Aging populations have significant implications for Gross Domestic Product (GDP), a crucial measure of economic health. GDP heavily relies on Research and Development (R&D) activities, which drive innovation, productivity, and competitiveness. Investments in R&D contribute to long-term economic growth and job creation, but only if there are people to fill the positions. Rates of change for Gross Domestic Expenditure on R&D (GERD) data from (as measured in US dollars per person) when grouped by old age dependency into young, middle-aged, and old populations (using Jenks breaks) indicate that R&D spending in the middle-aged countries grew by an average of 3.5%, yet countries with older populations like Italy and Japan saw slower growth rates at 2.1% and 2.8%, respectively.”

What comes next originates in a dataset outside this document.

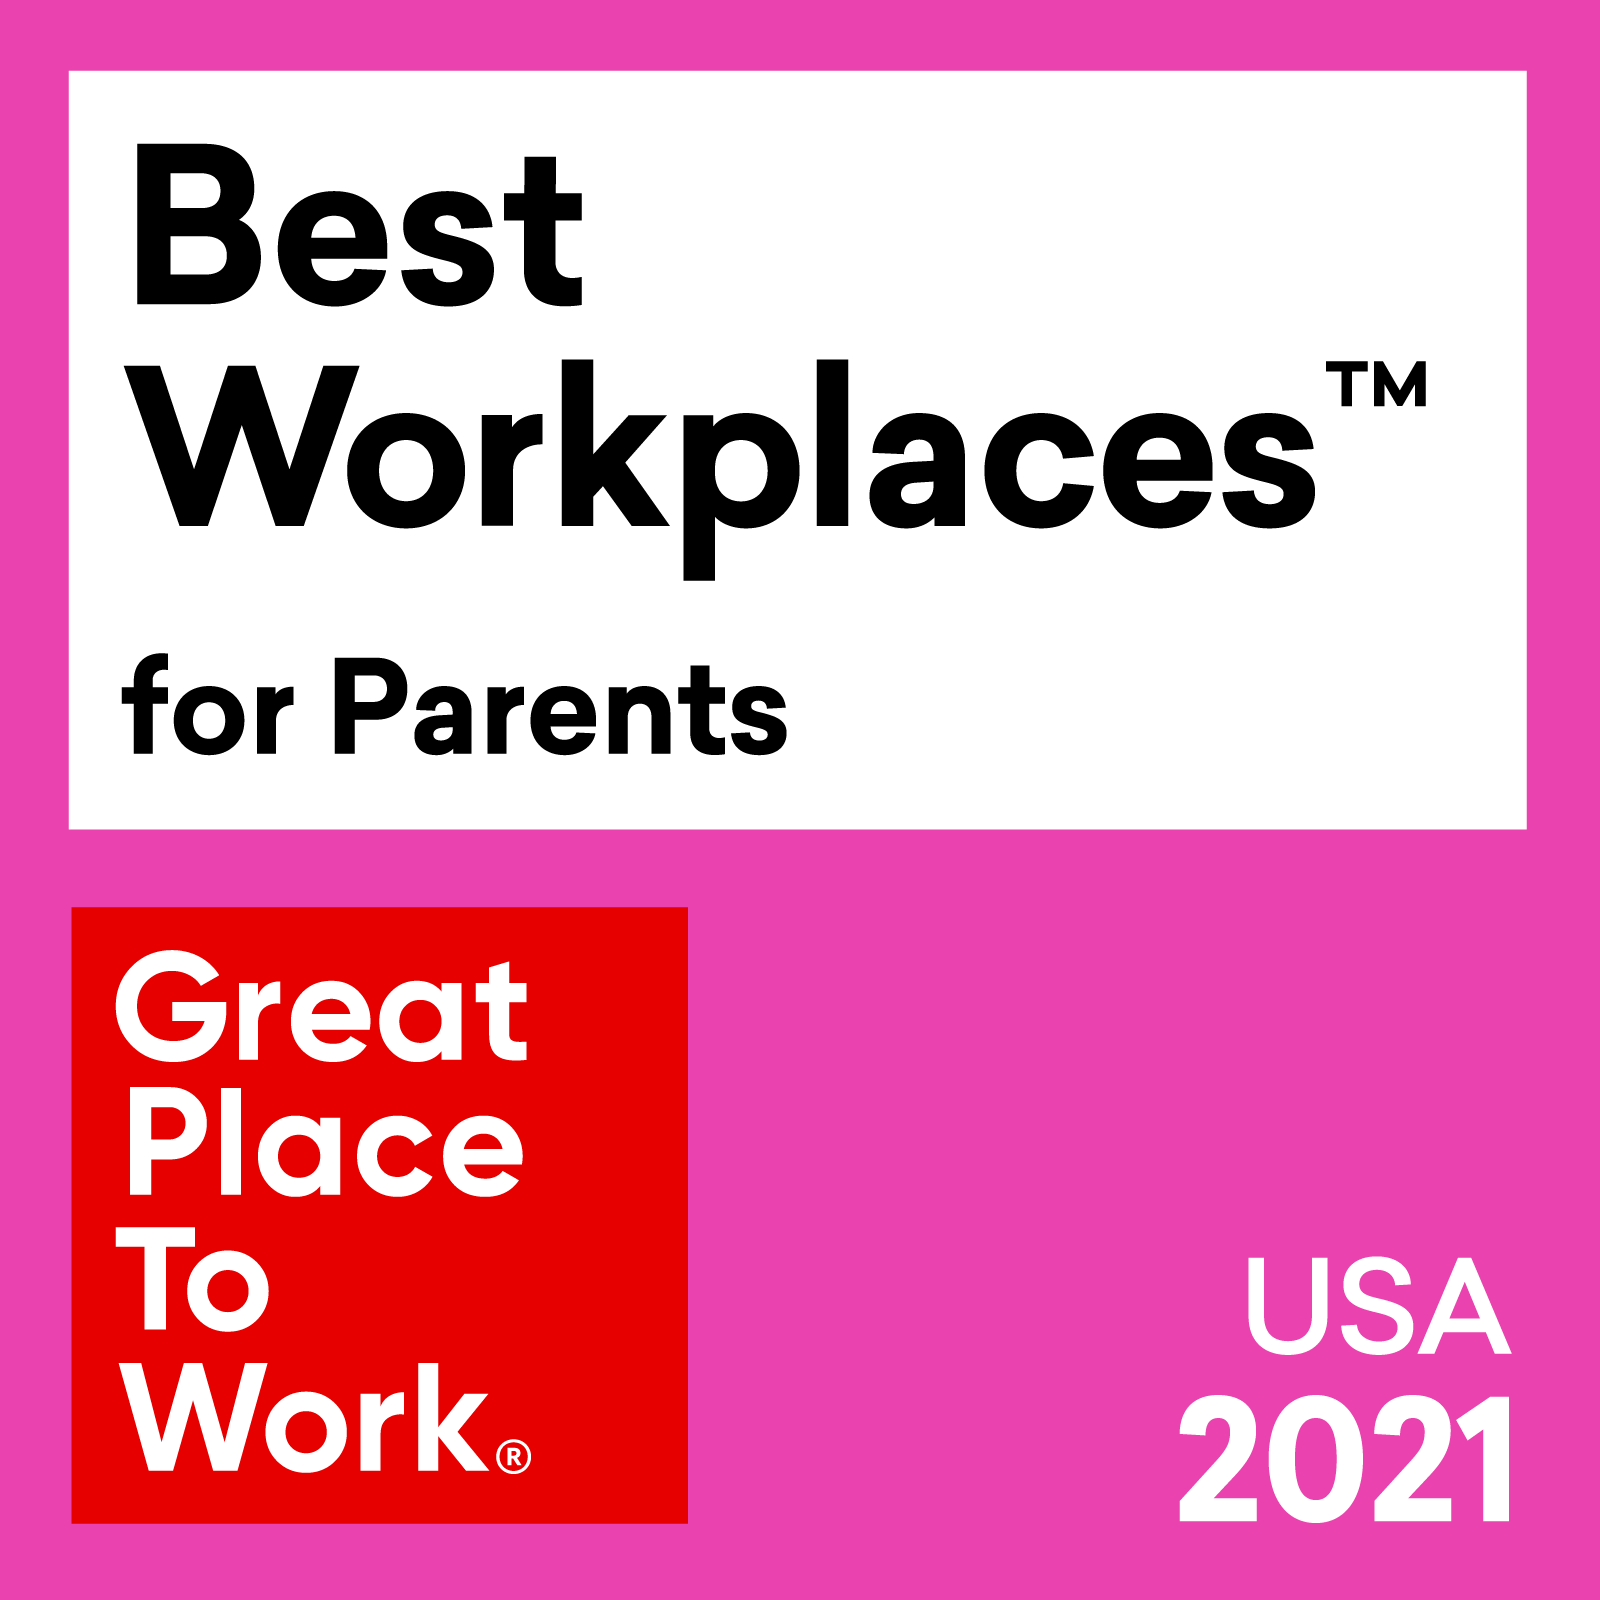 Miglior posto di lavoro™️ per genitori - Premio 2021 per gli Stati Uniti da Great Place To Work

A contemporary example of how rapidly research infrastructure collapses when the majority of skilled workers exit the market is Ukraine, which has lost 33.5% of researchers due to war with Russia and, even if things were return to normal, the permanent loss would be about 7%. While the cause of losing researchers is war, not aging, the effect is the same: with a smaller pool of replacement researchers, the lack of mentorship available for the next generation of PhDs will continue a downward trend within the country, directly affecting the GDP. In the case of war, the lost researchers are contributing to another country’s GDP. In the case of aging, highly skilled personnel are no longer available to mentor replacements and there are fewer qualified workers to fill the gaps, The West has the highest proportion of R&D researchers, followed by Asia and Eastern Europe. The numbers may not be sustainable in regions with increasing old age dependency.

Research Question

The impact of aging demographics on R&D investment and productivity remains unclear. Predictive modelling of time series data can be used to assess the potential impact on GDP and overall economic prosperity by examining the relationship between R&D indicators and age dependency.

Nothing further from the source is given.